I notice this myself when going back to older games like Final Fantasy 7 or 8 and misremembering how complex and complicated the UI, Menus and systems are.

You just get used to these things, but i also think they are a bit immersion breaking and shift the focus a lot on the destination and not the journey.


Don't forget the Yellow Paint Epidemic.

Some game devs don't even want to risk the chance that players might have to stop and explore a little bit before they find the right path to continue the game.

That's not the fear. The fear is that the player will get stuck and simply stop playing because it's frustrating instead of fun.

The way that devs determine where the line is for "most people that play get frustrated and give up" and "most people figure it out and keep playing"

It's certainly possible to design a game where the intuition of the player matches a less contrived looking world, bit it's a lot harder. On the other hand, having a convention that climbable surfaces will be blazed yellow, and teaching it early in the game is comparatively easy.

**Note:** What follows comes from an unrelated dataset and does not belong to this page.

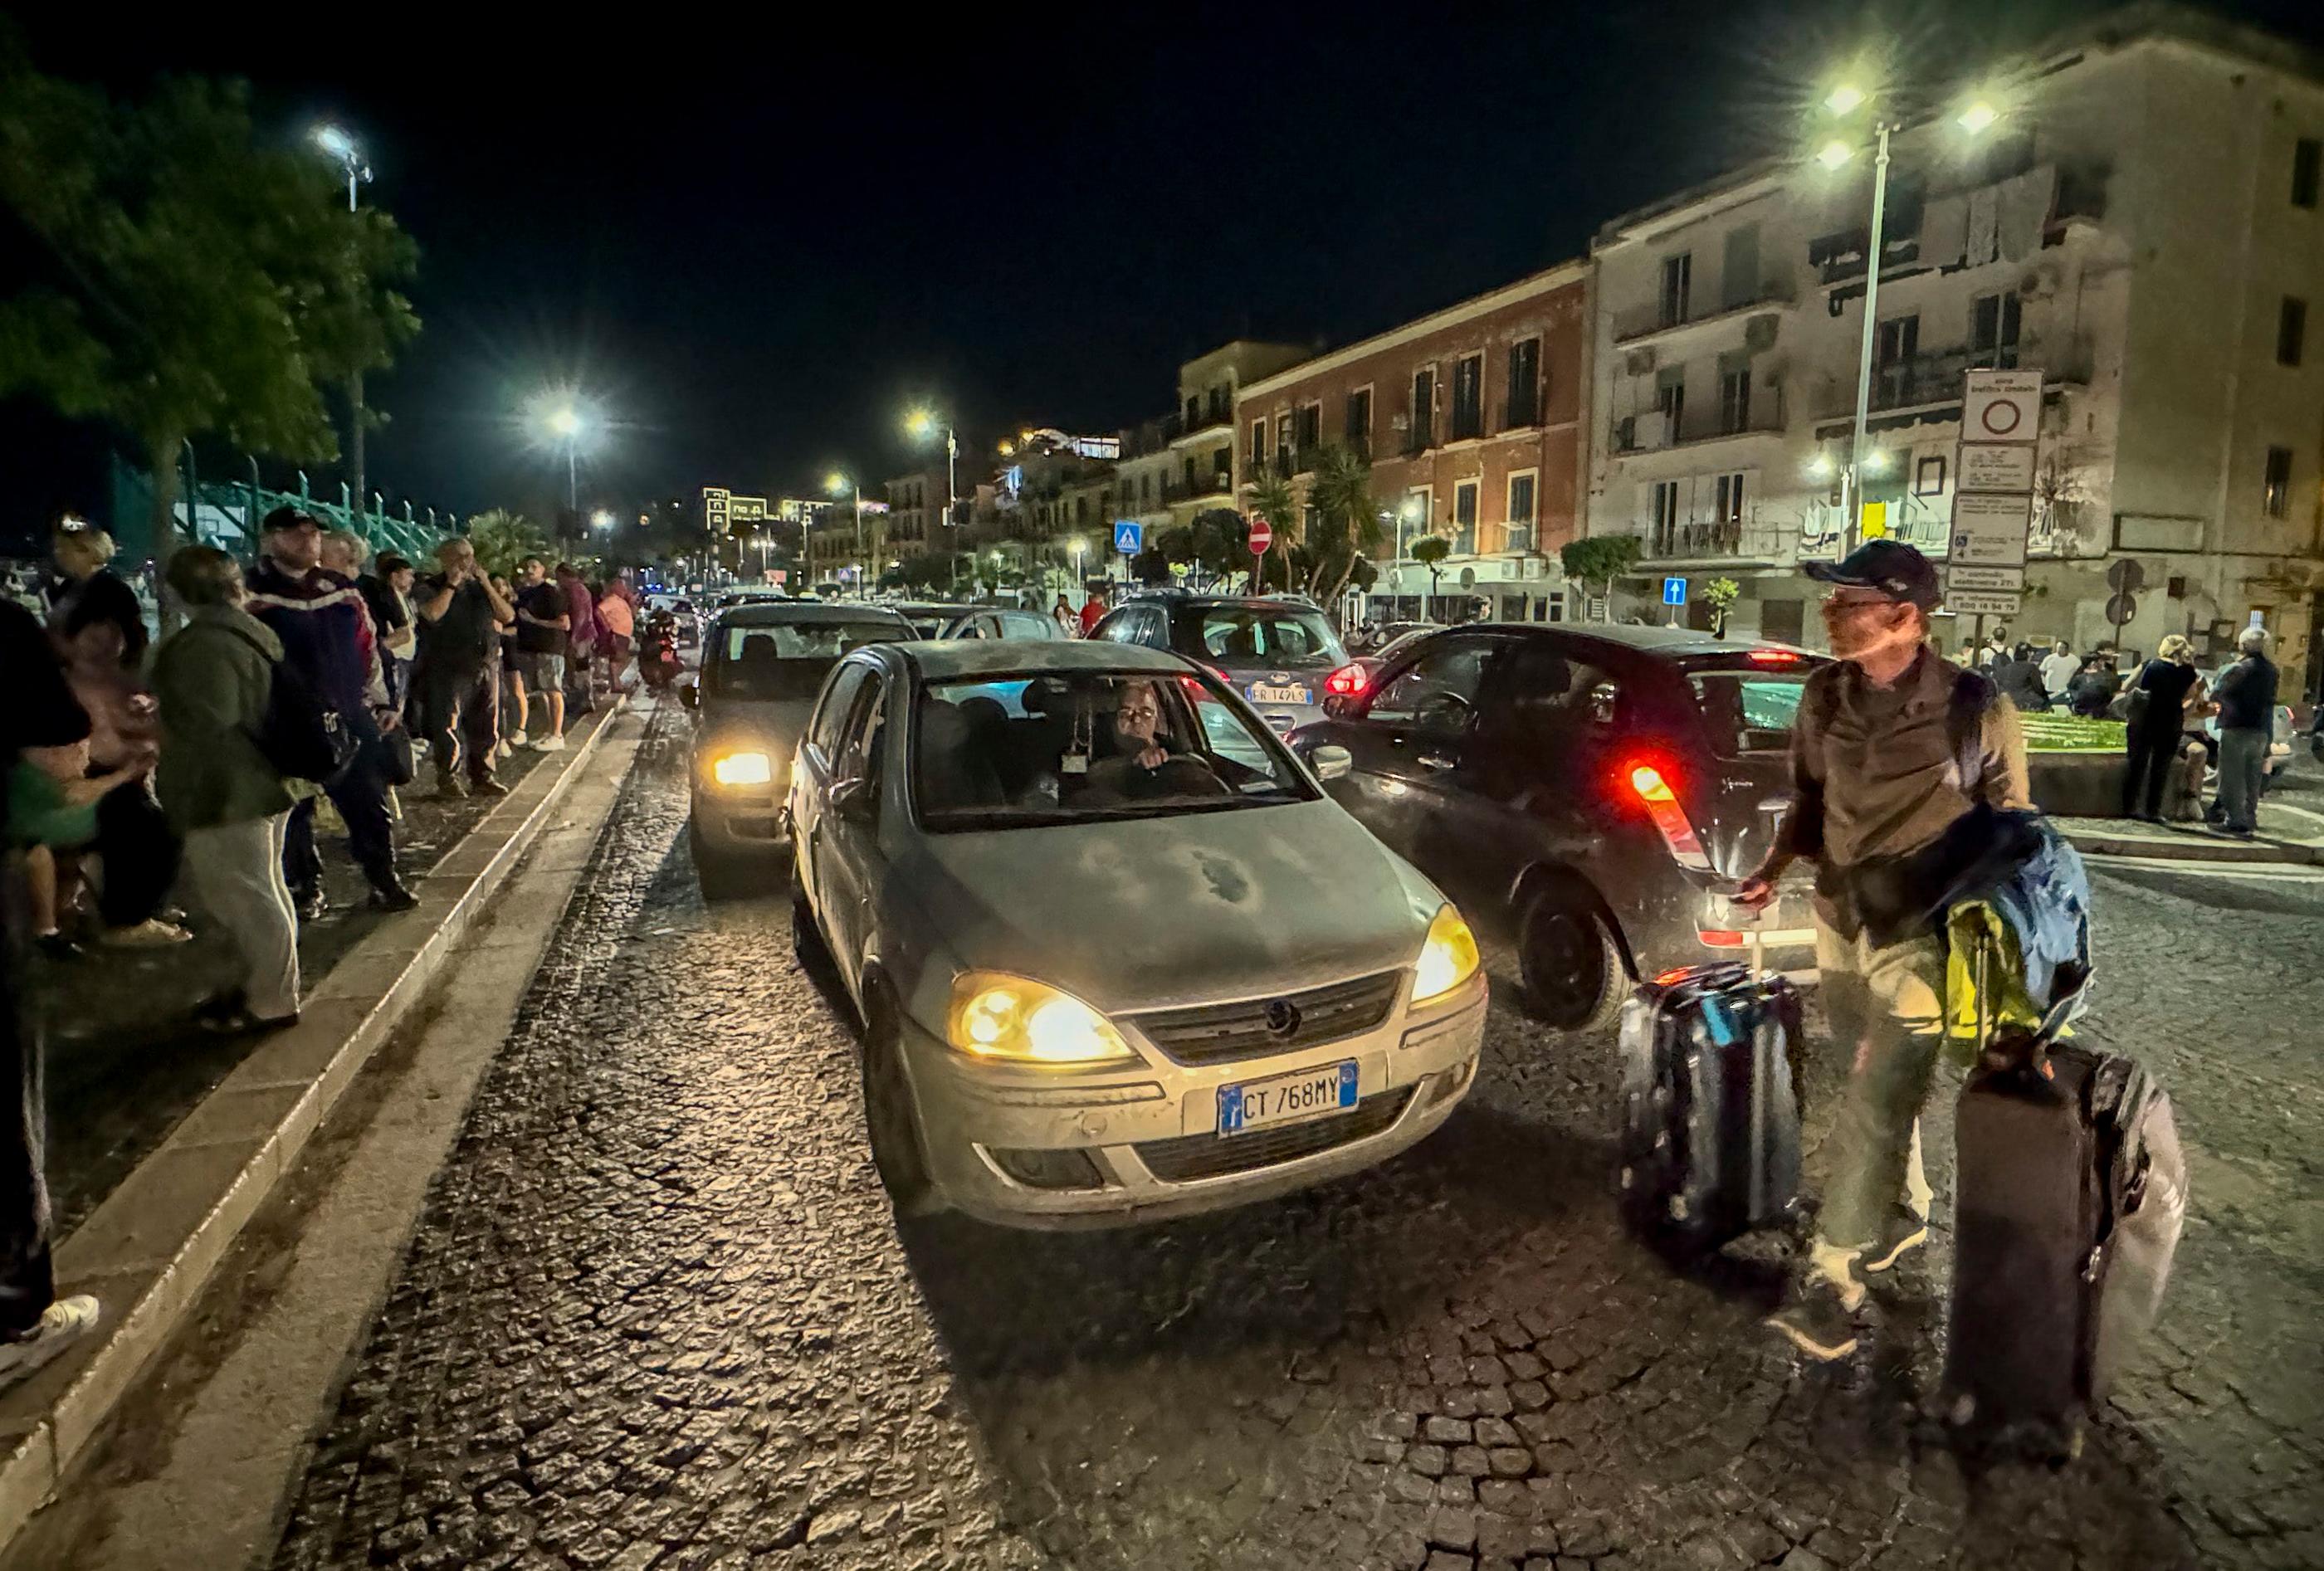 Des habitants de la région de Naples ont quitté leur logement pour se réfugier dans la rue après plusieurs tremblements de terre lundi soir. MAXPPP/KONTROLAB/Salvatore Laporta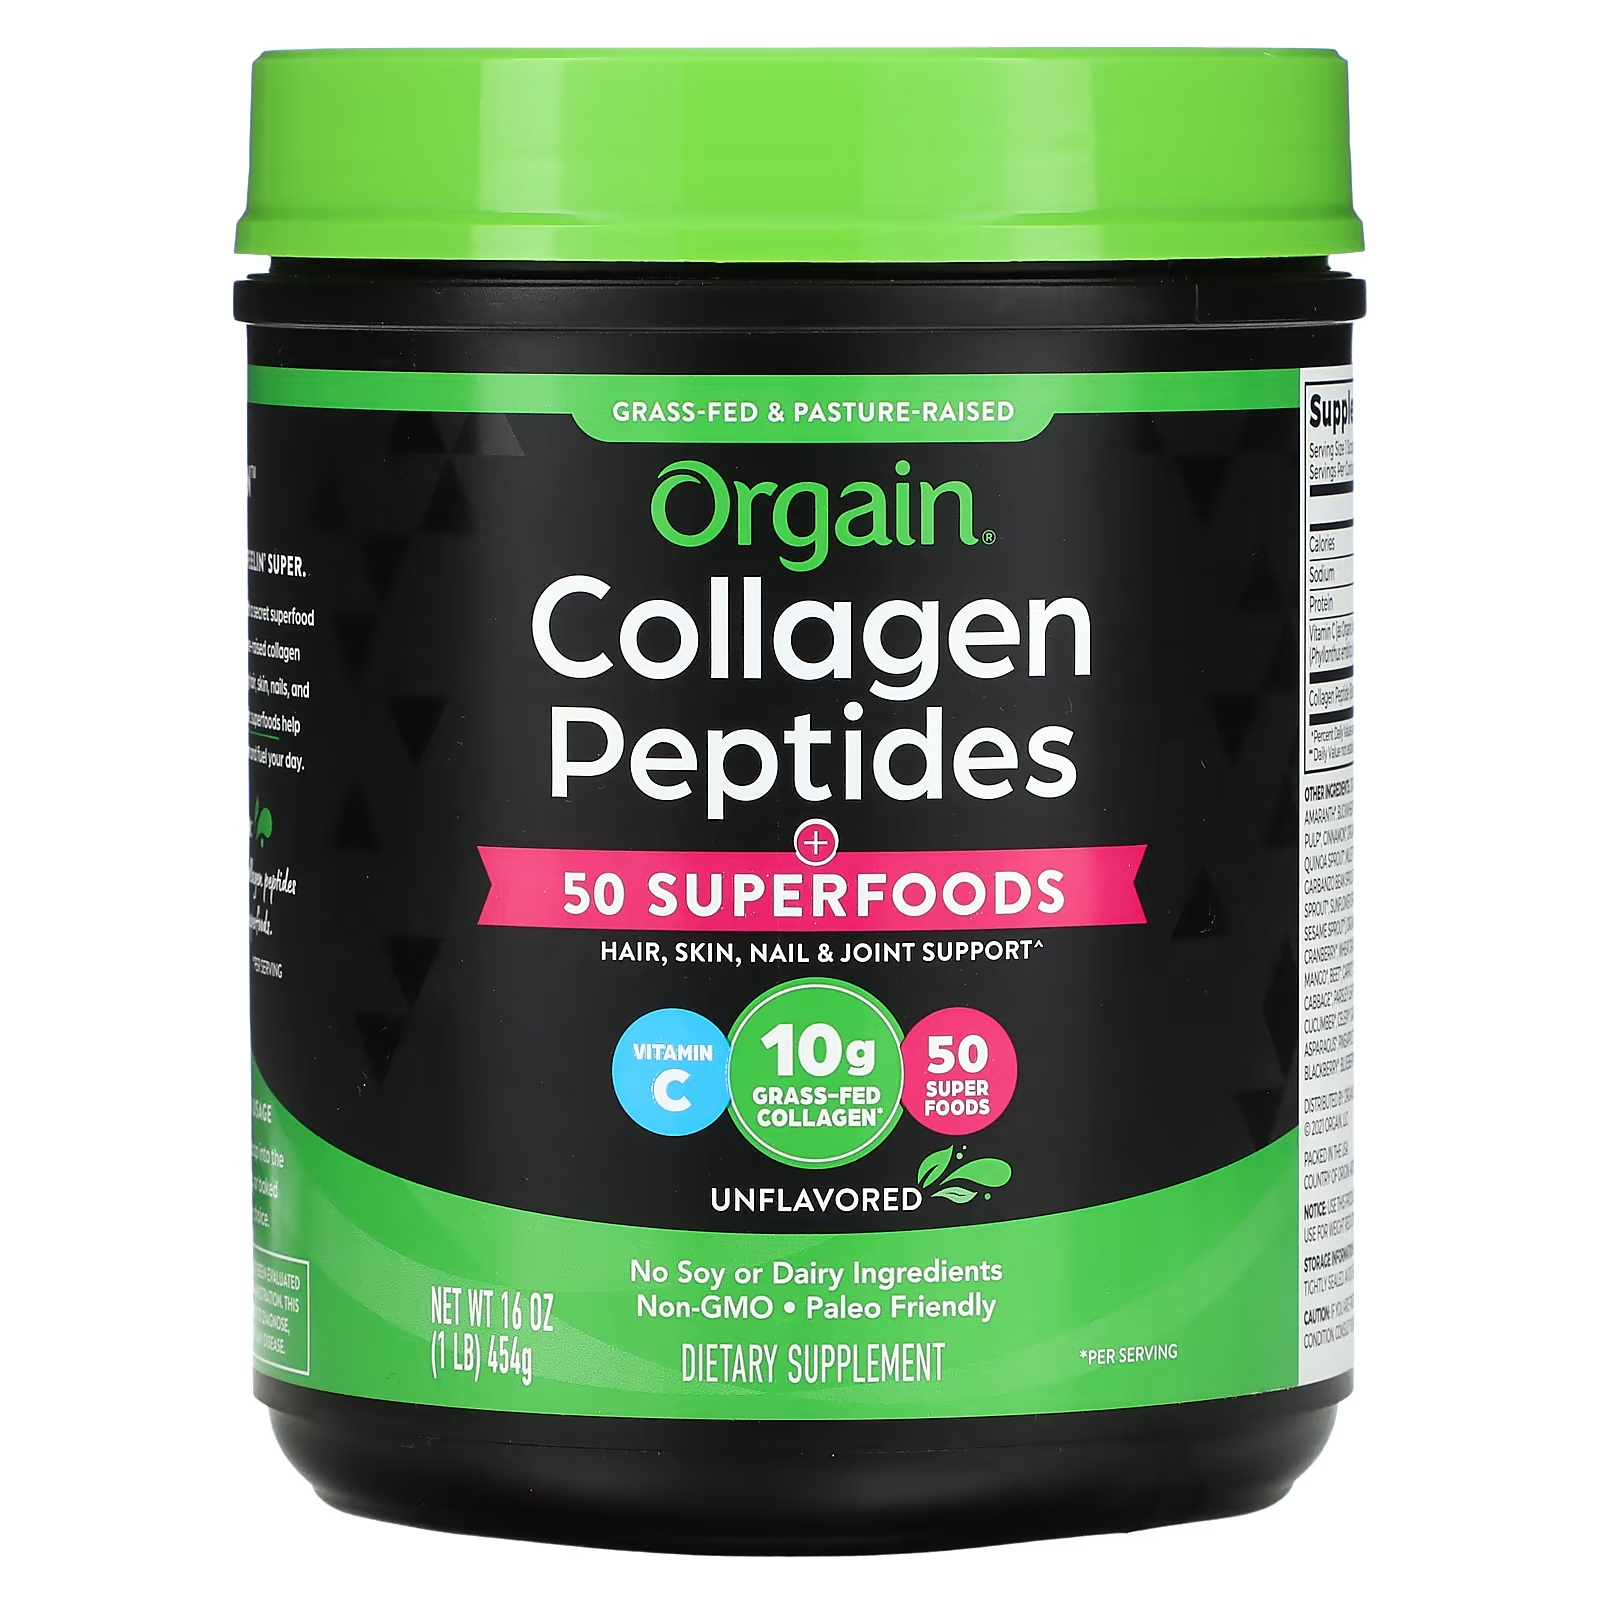 Orgain Collagen Peptides Plus 50 суперпродуктов без вкуса, 1 фунт (454 г) orgain коллагеновые пептиды плюс 50 суперфудов без добавок 454 г 1 фунт

There's also aspects of pacing and focus to consider. A game that ebbs and flows in it's intensity often feels better to play than one that's high intensity all the time. So if your game is mostly about combat, you'll want to break up big fights with lower energy experiences. But those lower energy experiences really aren't "the game" in a sense, they're a kind of filler that makes the high energy experiences feel more fun. It can't be completely boring, but it should be easier than the primary gameplay experience and also have lower stakes. That's a big reason why do many actiony games have blatantly obvious climbing and puzzles. It keeps the player lightly engaged while letting them catch their breath before the next set piece.

It's not the only way to build games by any means, but it is a generally effective, and consistently reliable, template.

But this is exactly one of the problems of today. Everything uses UX metrics to base their design around. It makes the end result boring and predictable and the opposite of immersive.

I agree that there needs to be pacing, but there are great ways to do that. GTA and RDR are great examples. You drive somewhere and get a funny conversation, or something happens on the way to the objective that pretty naturally distracts you in a way that makes sense to the world the game is playing in.

Ubisoft games are basically full of these boring filler activities. What point does a huge open world have, if it's just the same 5 things copy and pasted all over the place?

I'd much rather condense those 590 busy work tasks to 5 really nice side quests like in The Witcher 3. At least they give you an experience and not some UX concept of "the user needs to go climb a tree now".

Absolutely, I 100% agree. Ubisoft especially is terrible at this.
it's a very interesting divide when you have games that worry about this, and then genres/subgenres like the "soulslike" that take pride in its difficulty and precise maneuvering involved just to beat a boss.